Whose Sustainability Counts? Board Governance, ESG Ratings, and Sustainable Development Goals: Evidence on the ESG–SDG Wedge
Mohamed Hegazy, Diego Prior, Mahmoud ZareaABSTRACT
Institutional investors increasingly rely on ESG ratings to evaluate financially material sustainability risks, while governments promote corporate alignment with the United Nations Sustainable Development Goals (SDGs). Because these frameworks differ substantially in capital market salience and monitoring intensity, board oversight may not uniformly enhance sustainability performance but instead reallocate attention across competing evaluative regimes. Drawing on institutional logics theory and the attention‐based view of the firm, we develop the ESG–SDG wedge, a novel measure capturing within‐industry‐year divergence between standardized ESG ratings and SDG alignment breadth. Using panel data on 951 publicly listed firms across US and European markets from 2018 to 2023 (4404 firm‐year observations), we estimate two‐way fixed effects (TWFE) models and implement staggered difference‐in‐differences designs around 173 CSR committee adoption events using the Sun and Abraham (2021) interaction‐weighted estimator combined with inverse probability weighting. We find that CSR committees are associated with ESG–SDG wedges 0.21 standard deviations larger than comparable peers, with causal estimates approaching 0.30 standard deviations under validated parallel trends. Board industry‐financial expertise exhibits similar patterns. Mechanism analyses reveal pronounced asymmetry: Governance structures relate substantially more strongly to ESG ratings than to SDG alignment. This divergence is concentrated among US firms relative to European counterparts and varies systematically across industries with differing ESG materiality profiles.
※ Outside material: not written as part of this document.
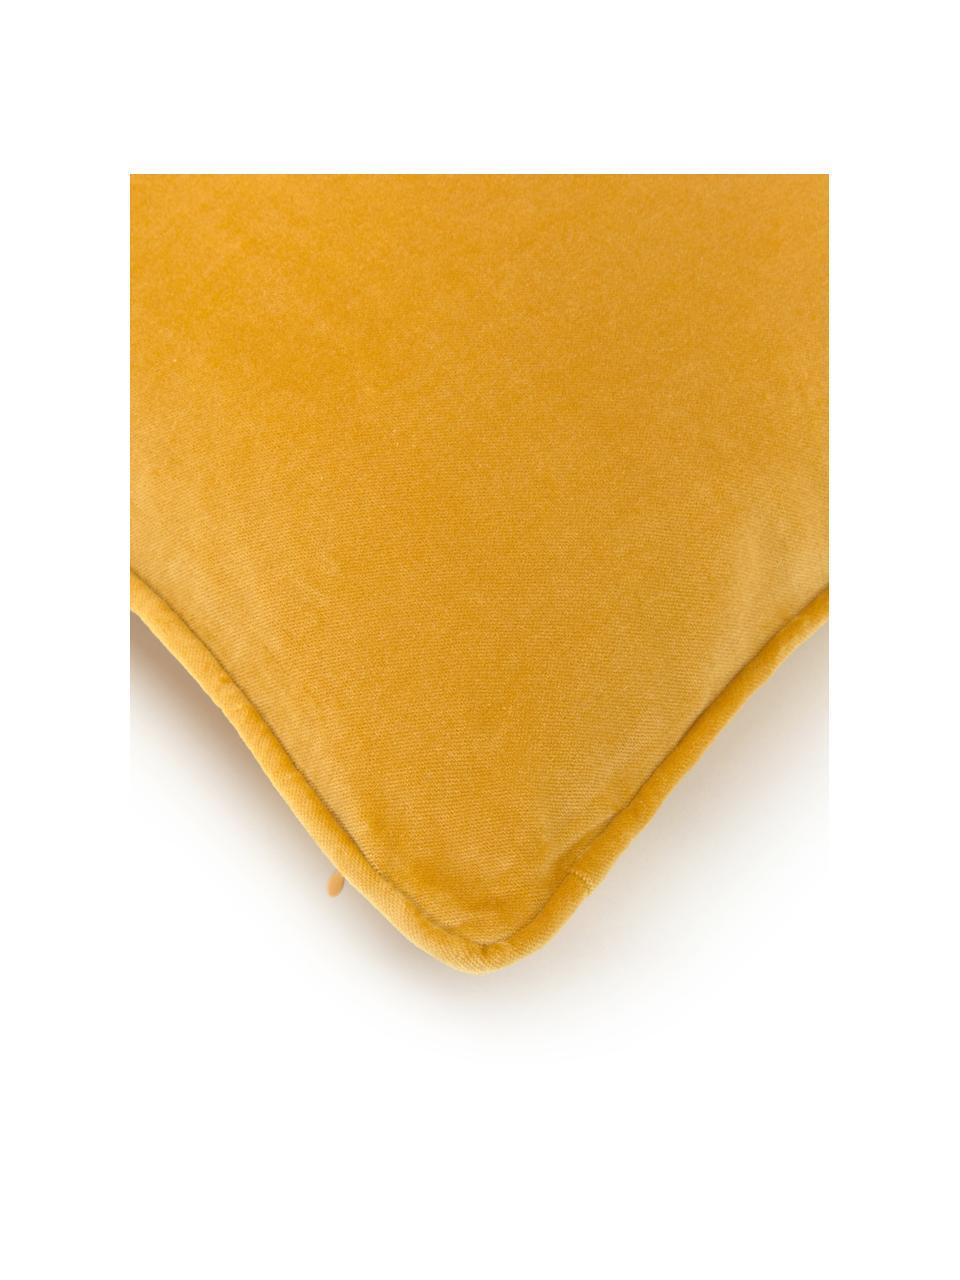 Federa arredo in velluto in giallo ocra Dana, 100% velluto di cotone, Ocra, Larg. 30 x Lung. 50 cm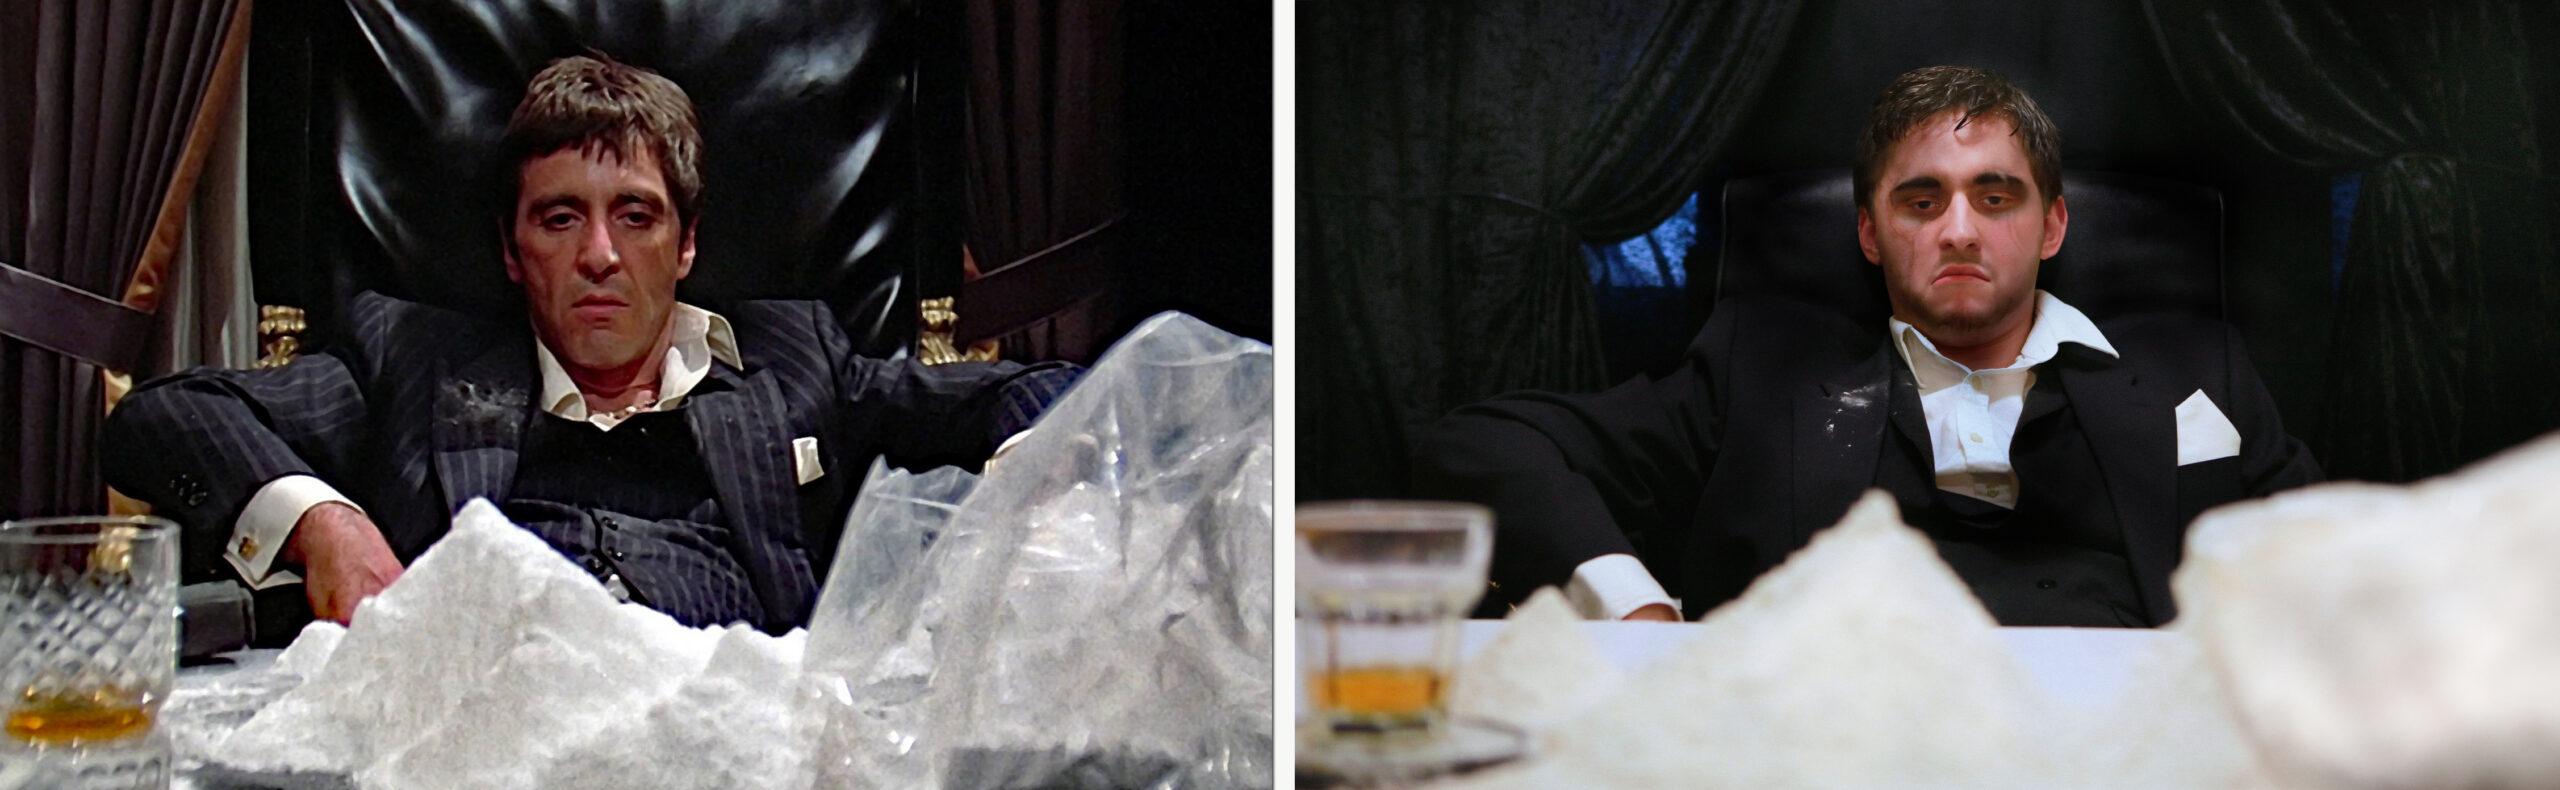 Tony Montana – Scarface / Aidan Ramsay – Paintface

These findings challenge the assumption that specialized oversight uniformly strengthens multidimensional sustainability performance. Board governance reallocates constrained attention toward criteria embedded in capital market processes, generating systematic divergence across sustainability frameworks—with important implications for corporate sustainability governance design, ESG investment strategy, and sustainable development policy.